Turkey Leads MENA’s Crypto Race
In its latest regional study published Thursday, Chainalysis revealed that Turkey’s crypto market now outpaces every other country in the MENA region by a wide margin. The country’s total transaction volume reached $200 billion in the past year, dwarfing the United Arab Emirates’ $53 billion and exceeding the combined totals of Egypt, Saudi Arabia, Morocco, Jordan, and Israel.
High inflation and a weakening lira have made digital assets increasingly attractive to Turkish investors seeking alternatives to traditional currencies. However, the report indicates that much of this trading activity has been driven by institutional investors rather than retail participants.
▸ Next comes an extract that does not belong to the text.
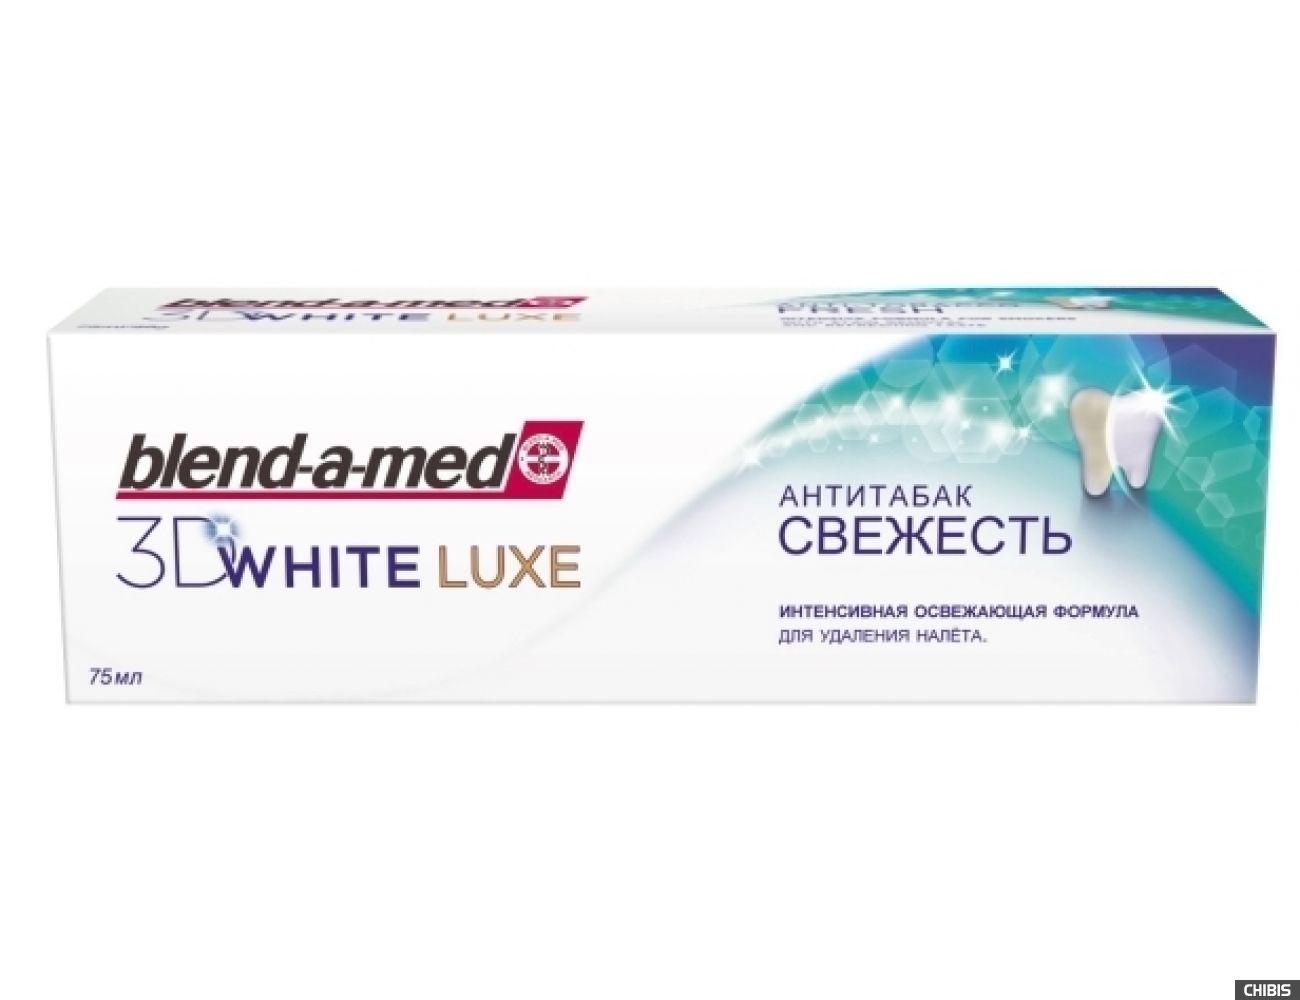 Зубная паста Blend-a-med 3D White LUXE Анти Табак 75 мл.(5011321523388)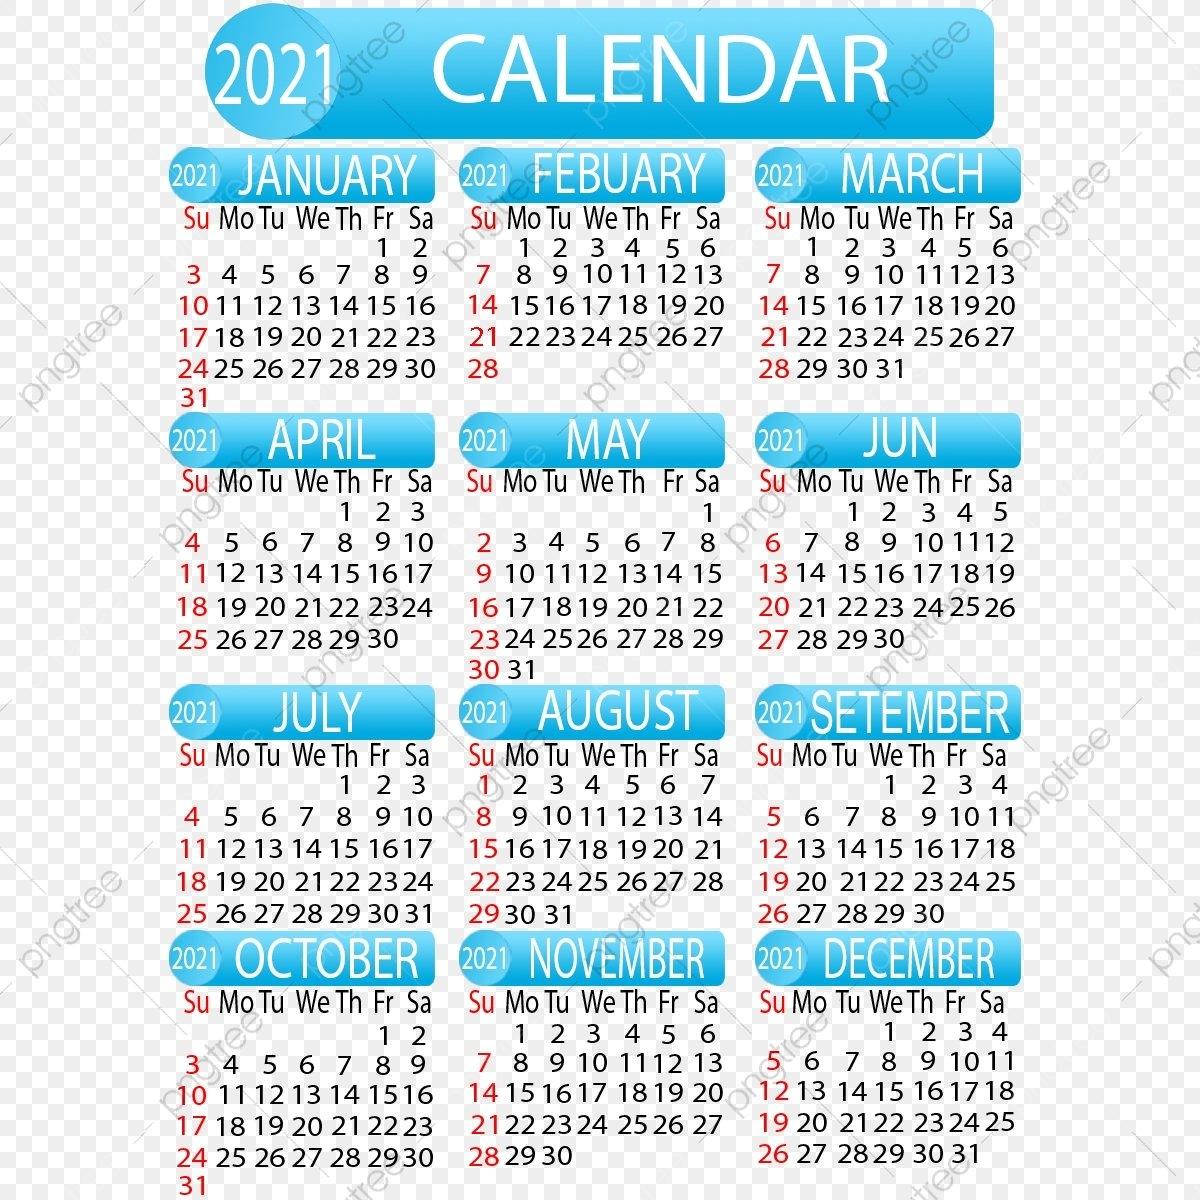 Islamic Date Calendar 2021 | 2021 Calendar in Pakistan 2021 Photo Calendar

Speculative Trading Takes Center Stage
Chainalysis found that Turkey’s crypto growth is fueled primarily by speculative trading rather than practical use cases such as payments or remittances. Unlike the UAE, where digital assets are gradually being integrated into real-world financial applications, Turkey’s market is dominated by short-term trading and profit-seeking behavior.
A key driver of this trend is the surge in altcoin trading. Chainalysis data shows that Turkey’s 31-day moving average for altcoin volumes jumped from around $50 million in late 2024 to $240 million by mid-2025. This dramatic increase marks a notable shift from previous years, when stablecoins were the preferred choice for Turkish traders seeking a hedge against inflation.
Decline in Stablecoin Activity
The shift toward riskier altcoins coincided with a sharp drop in stablecoin volumes. Chainalysis reported that Turkey’s stablecoin trading, measured by the 31-day centered moving average, fell from over $200 million in late 2024 to around $70 million by mid-2025.
According to the report, this change may reflect a growing appetite for higher yields amid regional economic uncertainty. “The timing of this altcoin surge coincides with broader regional economic pressures,” Chainalysis noted, adding that the behavior points to “desperate yield-seeking” among traders.
Institutional players have been the main force behind the boom, while retail participation has declined sharply. This suggests that inflation and rising living costs may be limiting the ability of average citizens to invest in crypto, even as large-scale traders continue to treat it as a hedge or speculative tool.
Economic Challenges Drive Institutional Focus
Turkey’s ongoing struggle with inflation has played a major role in shaping its crypto dynamics. For many institutional investors, digital assets have become a way to offset the impact of currency devaluation. Yet, Chainalysis points out that this institutional dominance could also be widening the gap between professional traders and everyday investors.
The report highlights that while crypto remains an attractive option for hedging and diversification, it has not yet evolved into a tool for broad-based financial inclusion in Turkey.

MENA Still Trails Global Markets
Despite Turkey’s heavy trading volumes, the MENA region as a whole continues to lag behind other global crypto hubs. Chainalysis recorded a 33% year-over-year increase in regional crypto activity, compared with 69% growth in the Asia-Pacific region and 63% in Latin America. Sub-Saharan Africa, North America, and Europe also posted higher growth rates of 55%, 50%, and 43%, respectively.
Globally, India maintained its position as the world’s largest crypto market for the third consecutive year, followed by the United States, according to Chainalysis’s September report.
Turkey’s dominance in the MENA region underscores its growing importance in the global crypto landscape. However, the report suggests that the country’s reliance on speculative trading, rather than real-world adoption, could make its market more vulnerable to volatility and downturns in investor sentiment.